As China moves to accelerate global use of the digital yuan, particularly in cross-border trade along Belt and Road Initiative countries, the push is being interpreted as part of Beijing’s broader ambition to rewire the architecture of global finance.
With international finance increasingly fragmented amid trade wars and sanctions, Chinese officials argue that dollar-based systems backed by the Society for Worldwide Interbank Financial Telecommunication (Swift) are vulnerable to “weaponisation”.
China’s plan to push its central bank-backed digital currency, also known as e-CNY, comes amid receding Western influence in some parts of the Global South and signals Beijing’s focus on nurturing economic ties and a more ideologically neutral, tech-enabled financial order.
Chinese officials have begun to discuss the e-CNY in strategic terms. Last month, People’s Bank of China Governor Pan Gongsheng called for a “multipolar” monetary system and announced plans for an international e-CNY operations centre in Shanghai.
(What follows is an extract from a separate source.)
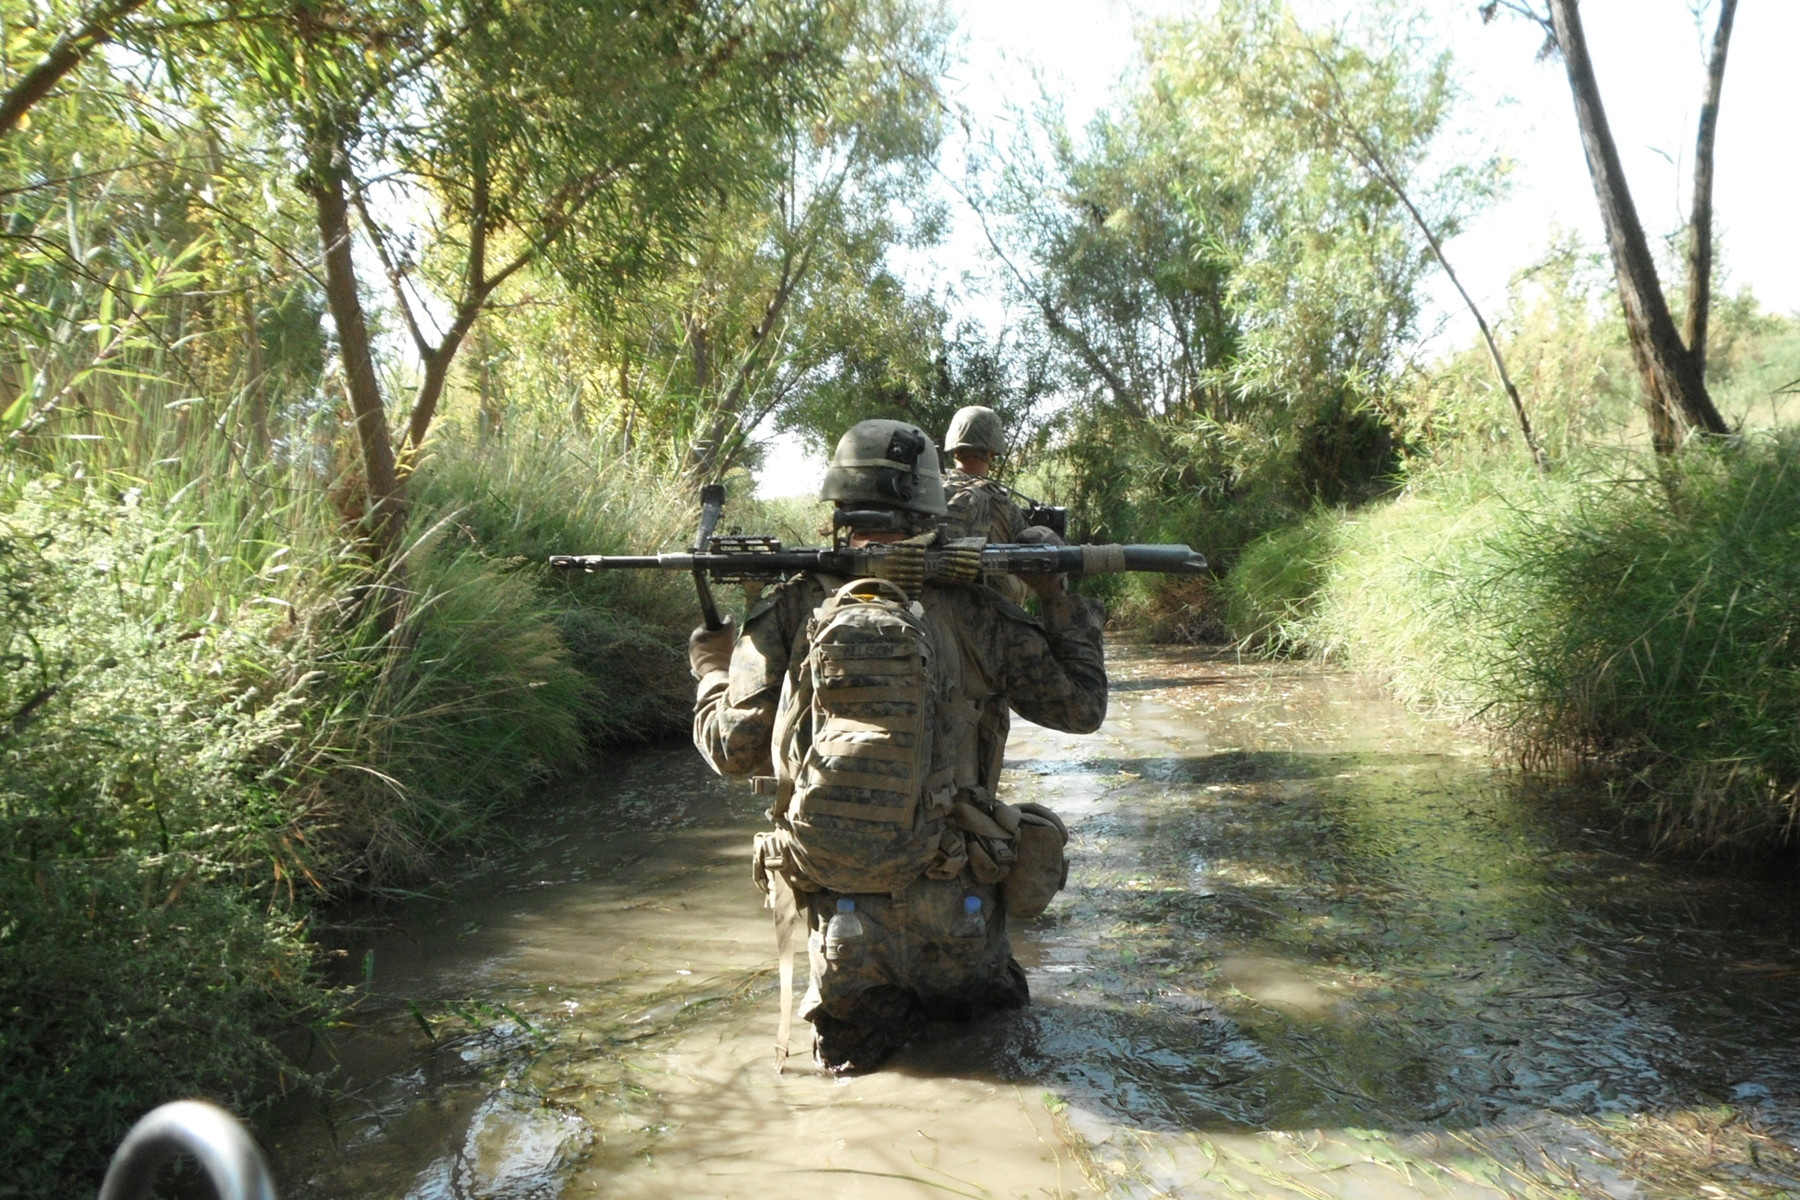 The safest, and least comfortable, route. Kilo Company&#039;s LCpl Casey Allison patrols with 1st Platoon through one of the Northern Green Zone’s ubiquitous canals - the only place sure to be free of IEDs. (Photo courtesy of Seth Folsom.)

This comes as US tariffs fuel interest in non-dollar assets and a more internationalised yuan.
Beijing has signed digital currency agreements with central banks and begun cross-border experiments with state-run banks in other countries. Increasingly, the e-CNY is being seen as a foreign policy tool to re-establish trade on Chinese digital infrastructure.
Much of China’s strategy builds from a profound dissatisfaction with the Swift-supported dollar system: Russia’s exclusion from Swift in 2022 resulted in many countries seeking alternatives. China’s twofold solution is to build its own payment rails – launching the Cross-border Interbank Payment System (CIPS) in 2015 – and offer its central bank digital currency (CBDC).